Model both scenarios. Stress-test the downside. Price in the uncertainty. An underwriting tool that handles dual-scenario analysis — without requiring a week in Excel — reduces the friction of stress-testing before each deal decision.

The investors who thrive in this market likely won't be the ones who guessed right about whether the ceasefire holds. They'll be the ones who built their analysis to work regardless.


UWmatic's AI-powered underwriting platform lets multifamily and MHP investors model multiple scenarios — from optimistic to worst-case — in minutes instead of hours. Stress-test cap rates, DSCR, and exit assumptions to make more confident decisions even when the macro environment is uncertain. Try UWmatic free →


This analysis reflects current market interpretations as of the publication date and may evolve as new data becomes available. Figures cited are drawn from public sources including U.S. Treasury, BLS, EIA, Freddie Mac, MBA, Bloomberg, CBRE, BCA Research, and Yardeni Research, and are subject to revision. Nothing in this post is investment advice; readers should conduct their own diligence and consult qualified professionals before making investment decisions.

Frequently Asked Questions

How did the Iran ceasefire affect CRE cap rates?

The April 8 ceasefire announcement briefly dropped the 10-year Treasury to around 4.2% (per U.S. Treasury) and sent oil down roughly 16% in a single session (per EIA). Cap rates are a function of risk-free rates plus a risk premium, so the brief Treasury decline could have supported cap rate compression — but with the 10-year back at 4.3% within 48 hours and oil near $99, any cap rate relief appears to have been short-lived. Transaction volume remains thin, making definitive cap rate reads difficult.

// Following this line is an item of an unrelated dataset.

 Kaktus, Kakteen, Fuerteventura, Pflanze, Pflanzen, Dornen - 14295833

What cap rate should investors use when underwriting multifamily deals in 2026?

Cap rate assumptions depend on which geopolitical scenario unfolds. If the ceasefire holds and leads to a deal, stabilized multifamily cap rates could settle in the 5.0–5.5% range. If conflict resumes, cap rates could expand 50–100 bps, pushing quality assets into the 6.0–6.5% range. Running deals through both scenarios and probability-weighting the results provides a more robust framework than picking a single cap rate. Individual markets and asset quality will produce significant variation.

How should CRE investors underwrite around geopolitical uncertainty?

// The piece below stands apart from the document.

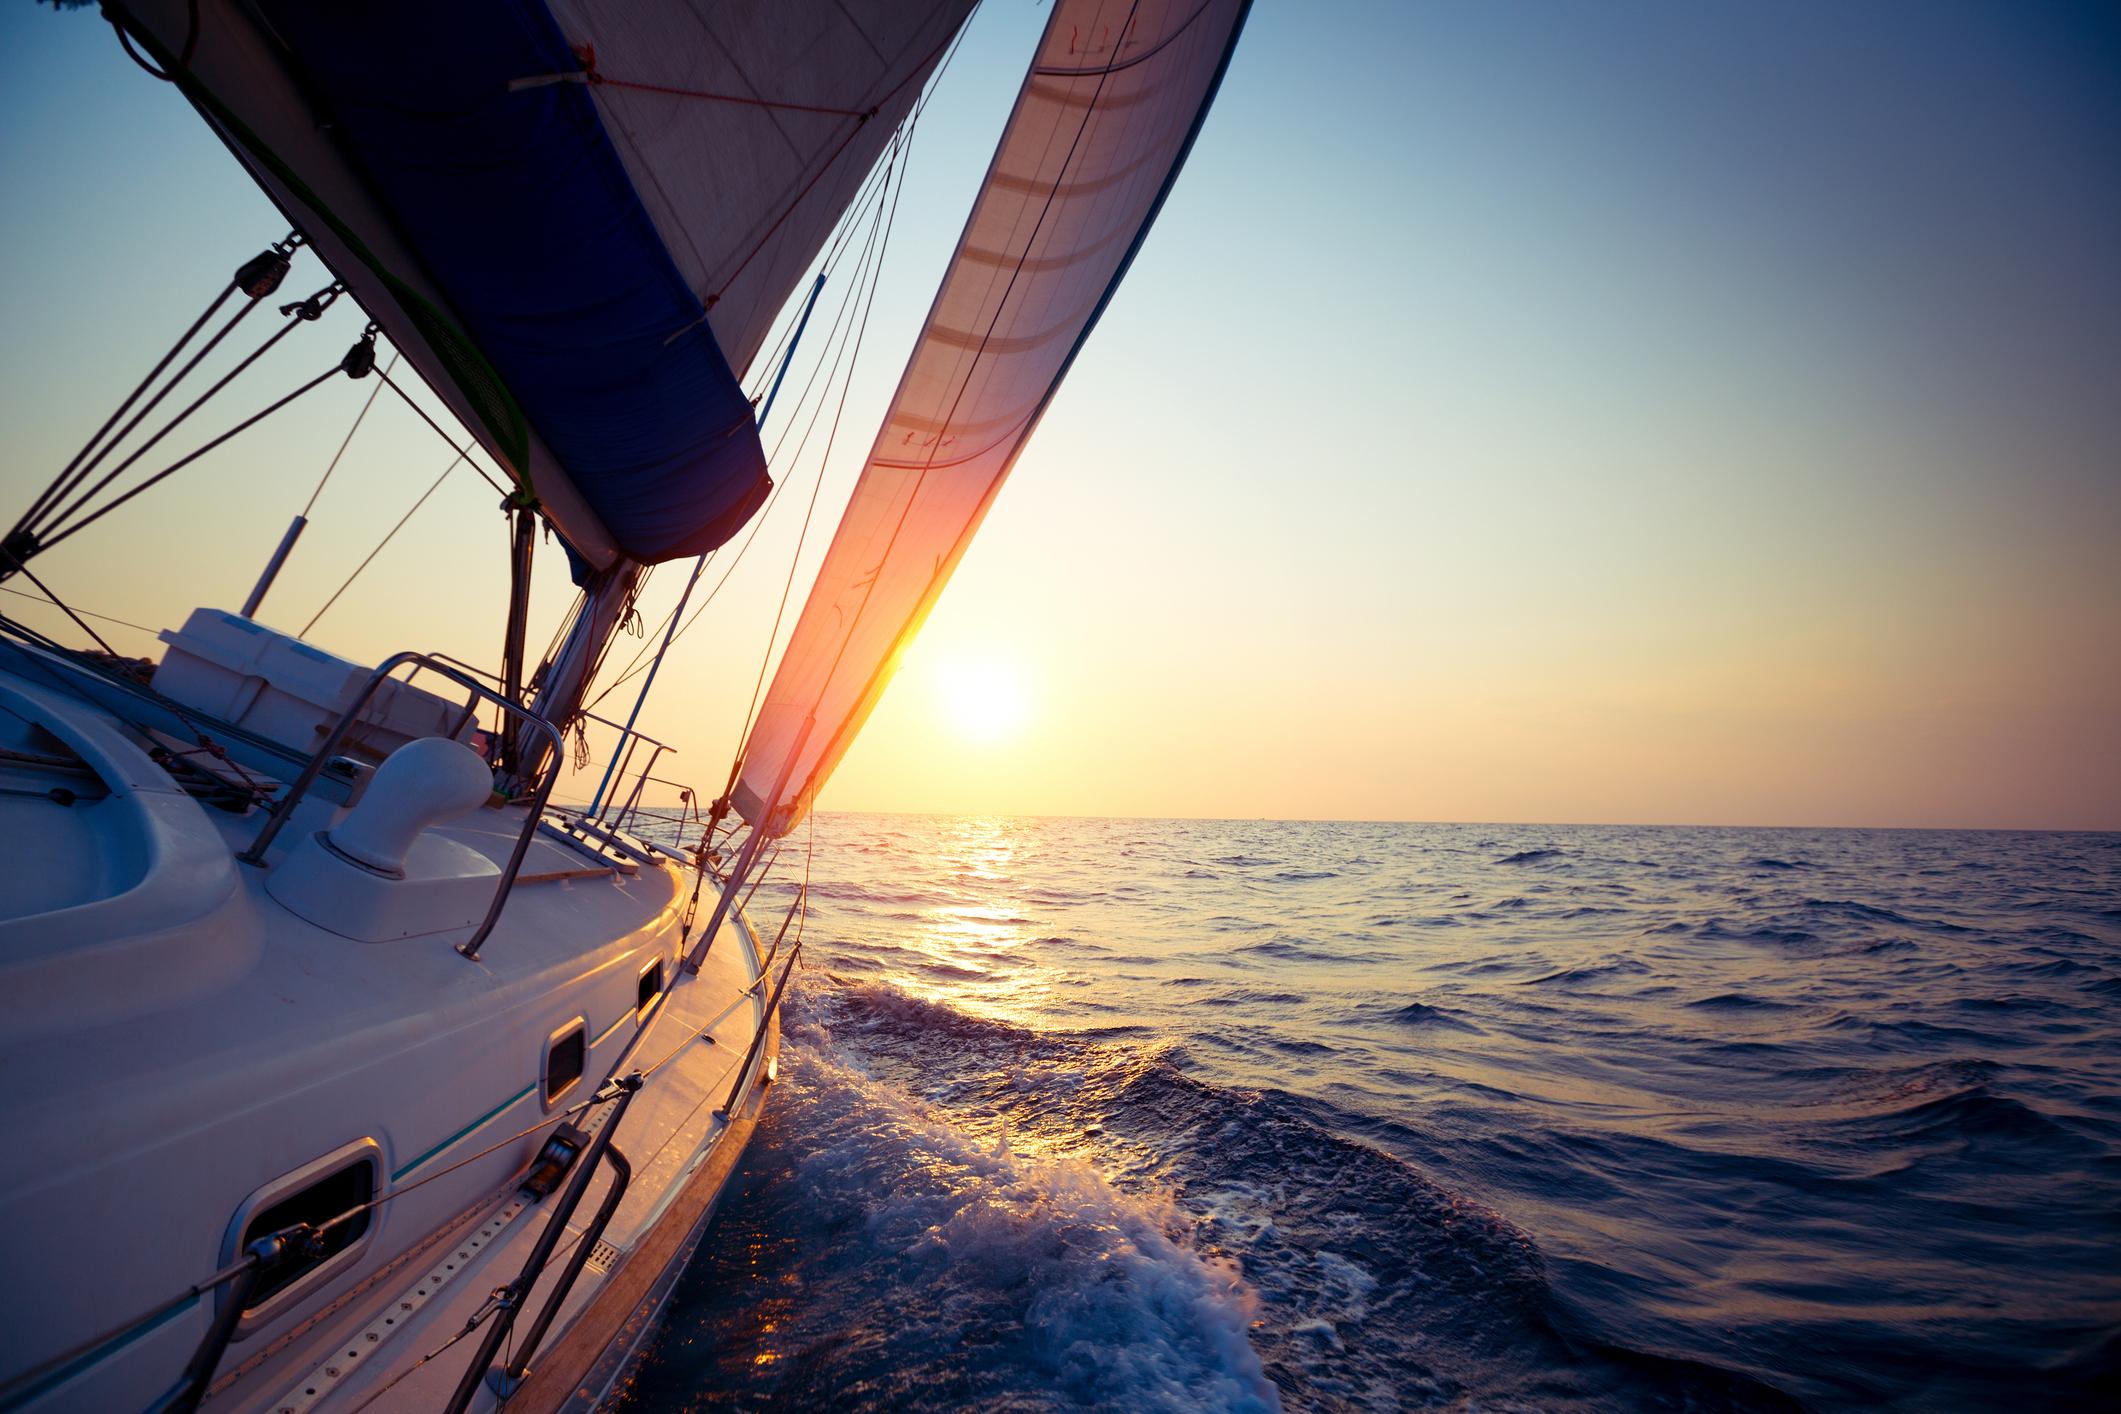 Yacht sailing on ocean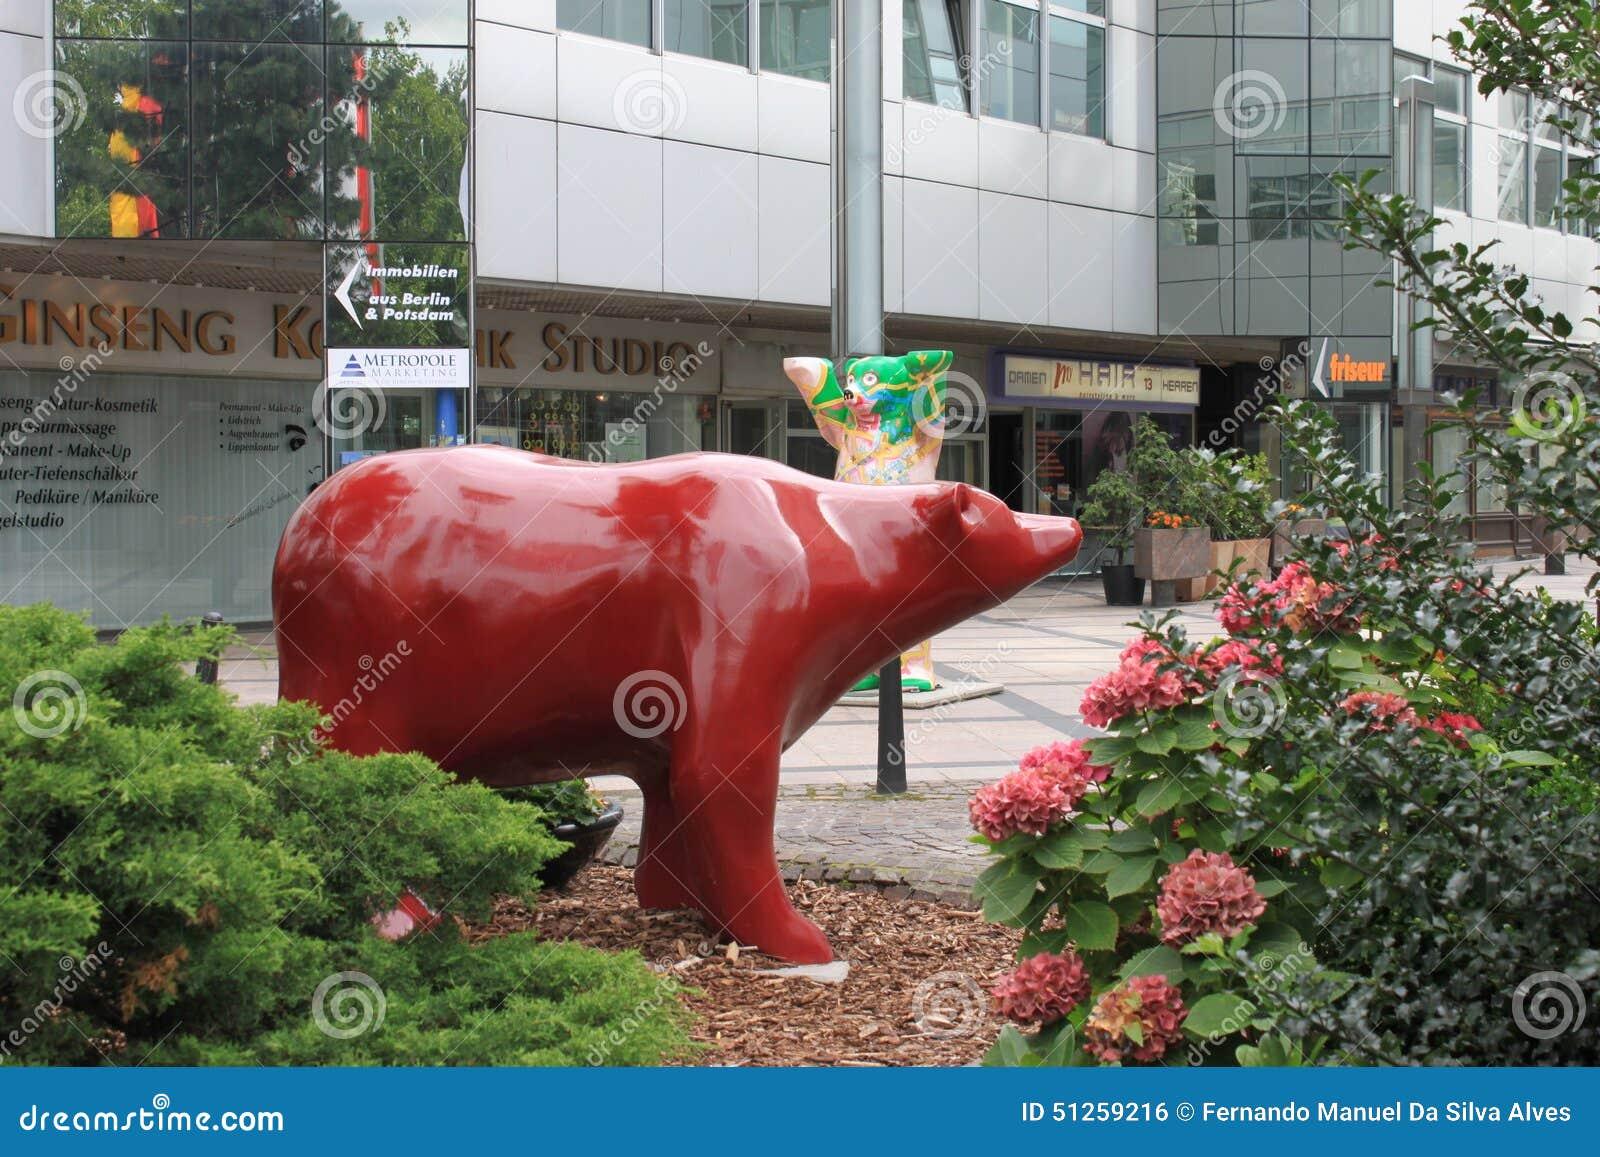 Bear of Berlin - Germany

A dual-scenario approach — modeling both a ceasefire-holds case and a conflict-resumes case — allows investors to evaluate how their deal performs across a range of outcomes. Key levers include stress-testing DSCR at higher rates, modeling conservative exit cap rates, and evaluating whether the deal produces acceptable returns even in the downside case. The goal is margin of safety, not prediction accuracy.

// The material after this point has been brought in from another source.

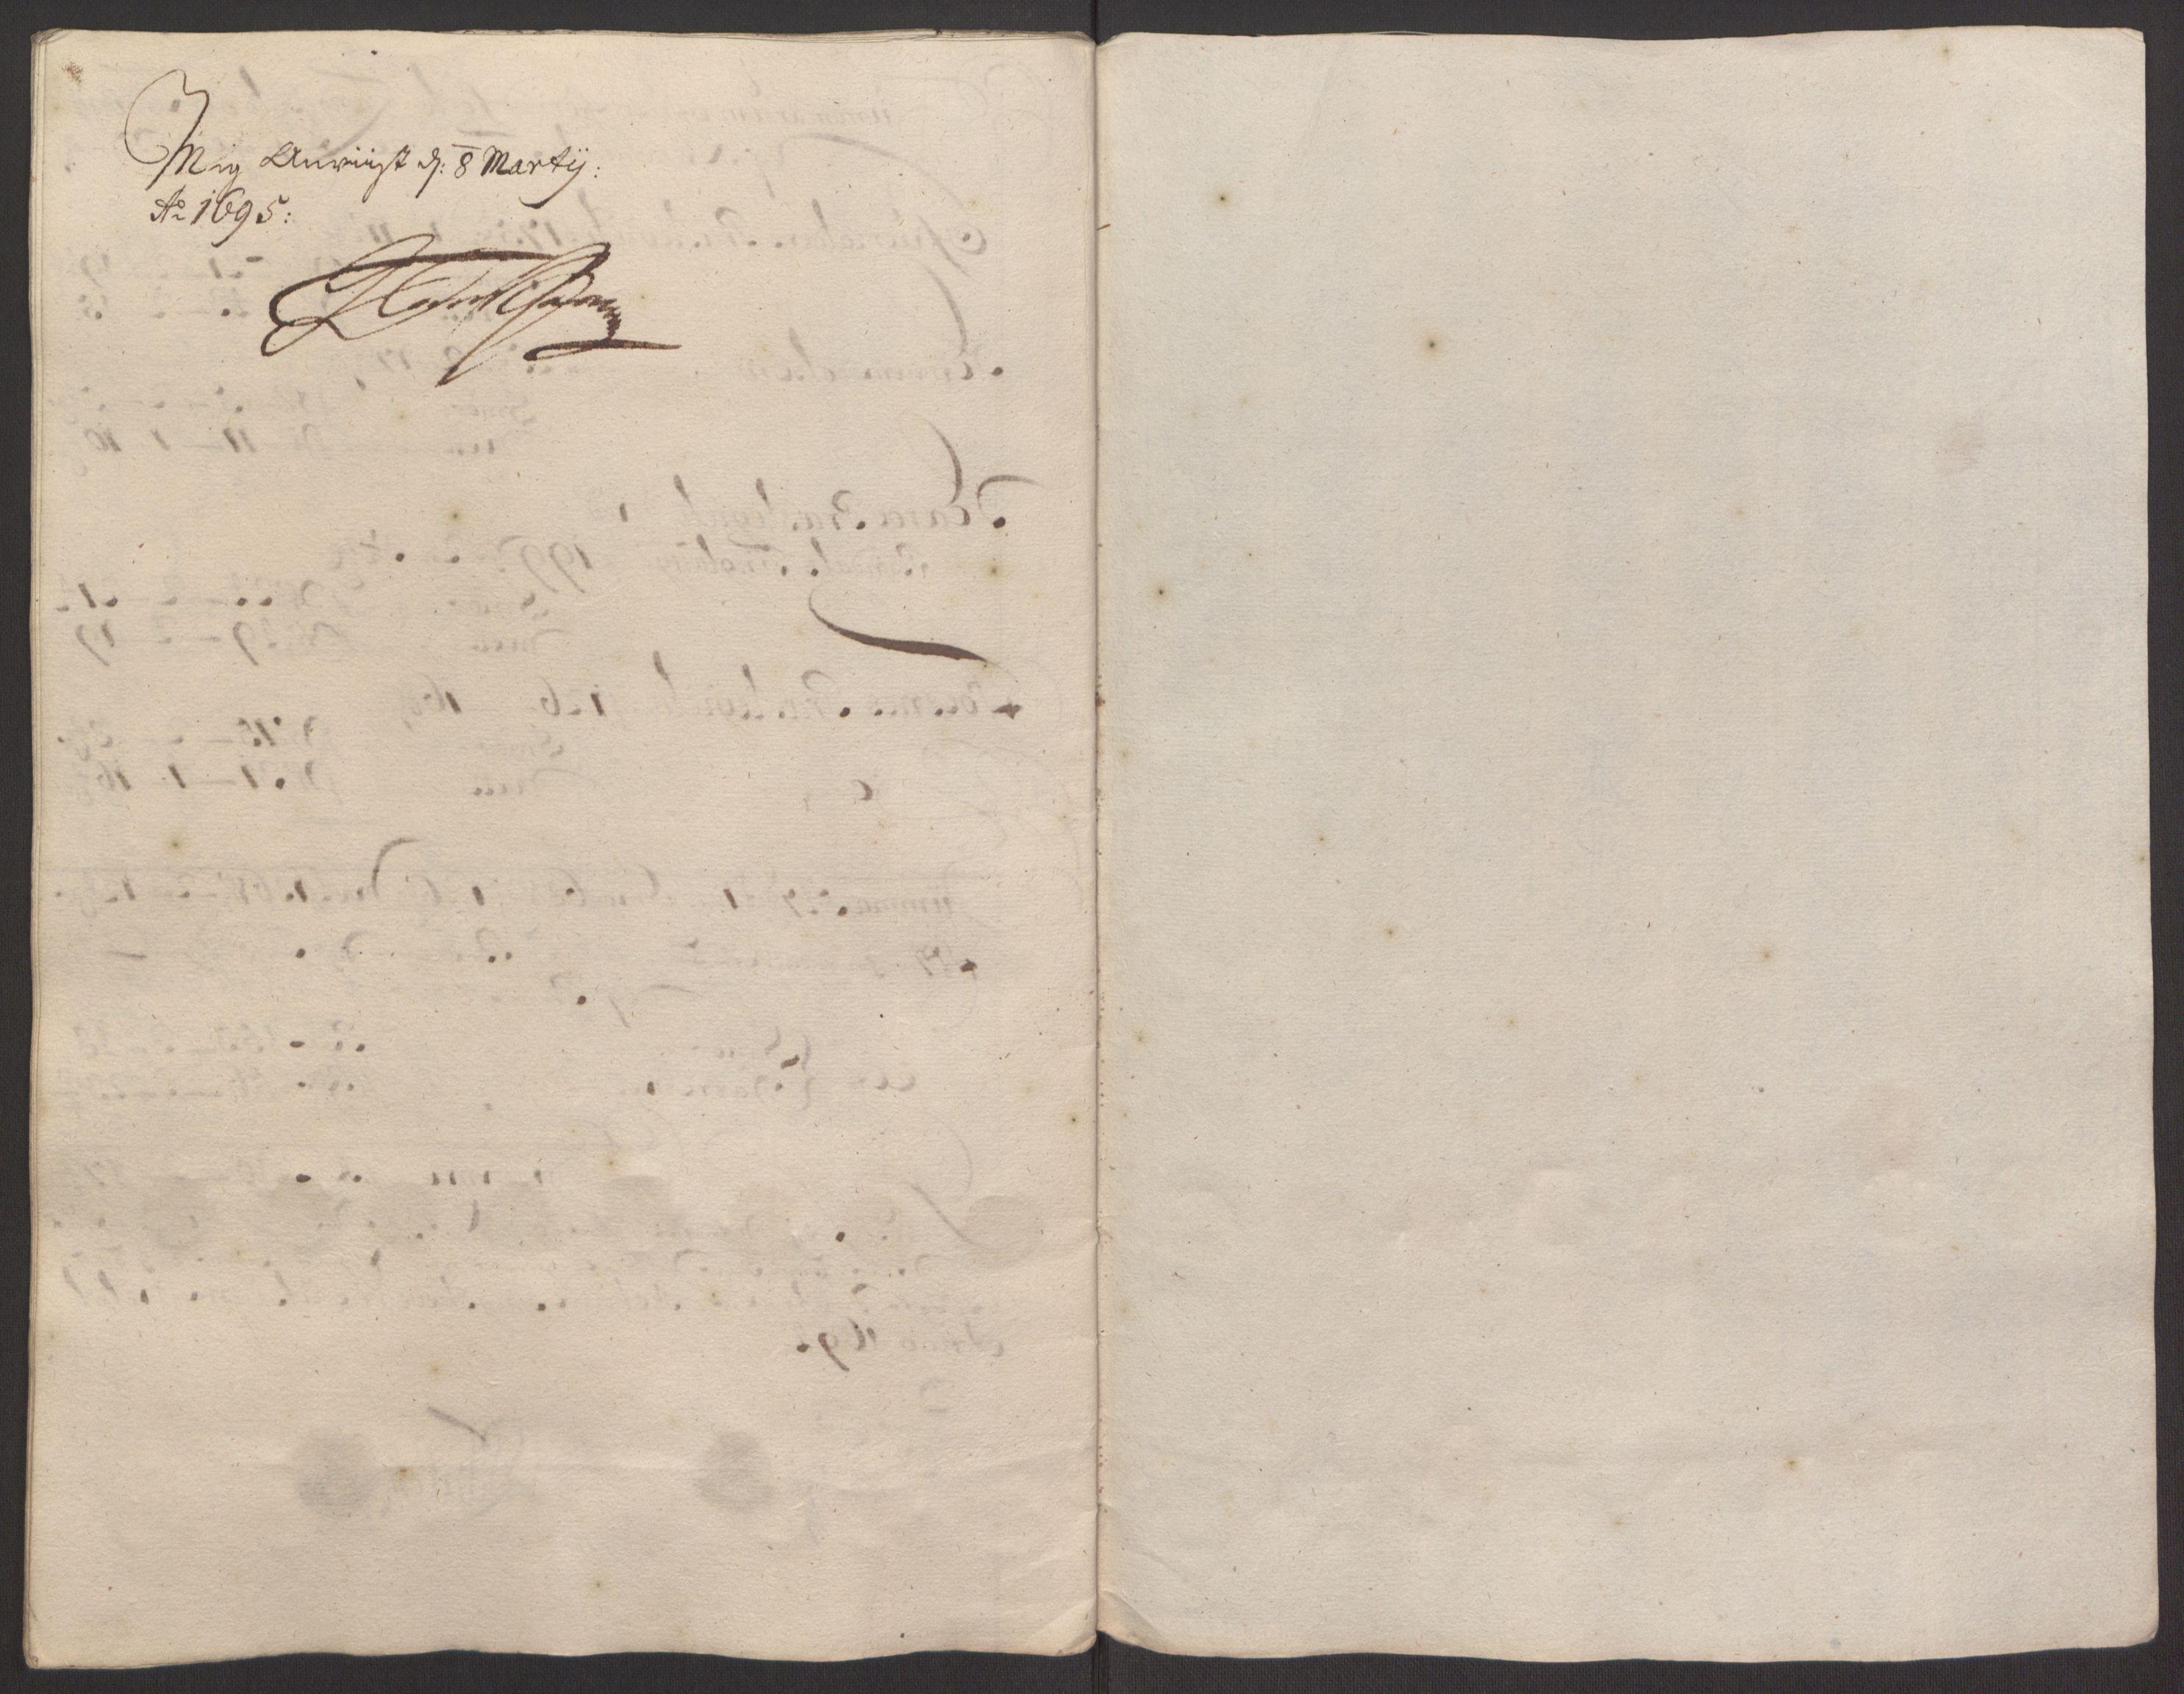 RA, Rentekammeret inntil 1814, Reviderte regnskaper, Fogderegnskap, R64/L4424: Fogderegnskap Namdal, 1692-1695, s. 388

Is now a good time to buy commercial real estate despite the Iran conflict?

Markets always carry uncertainty, and waiting for perfect clarity has historically meant missing opportunities. The key consideration is whether a deal has enough margin of safety — through conservative leverage, adequate reserves, and realistic assumptions — to absorb a negative outcome without catastrophic loss. Each investor's decision depends on their risk tolerance, capital position, and the specific deal's fundamentals.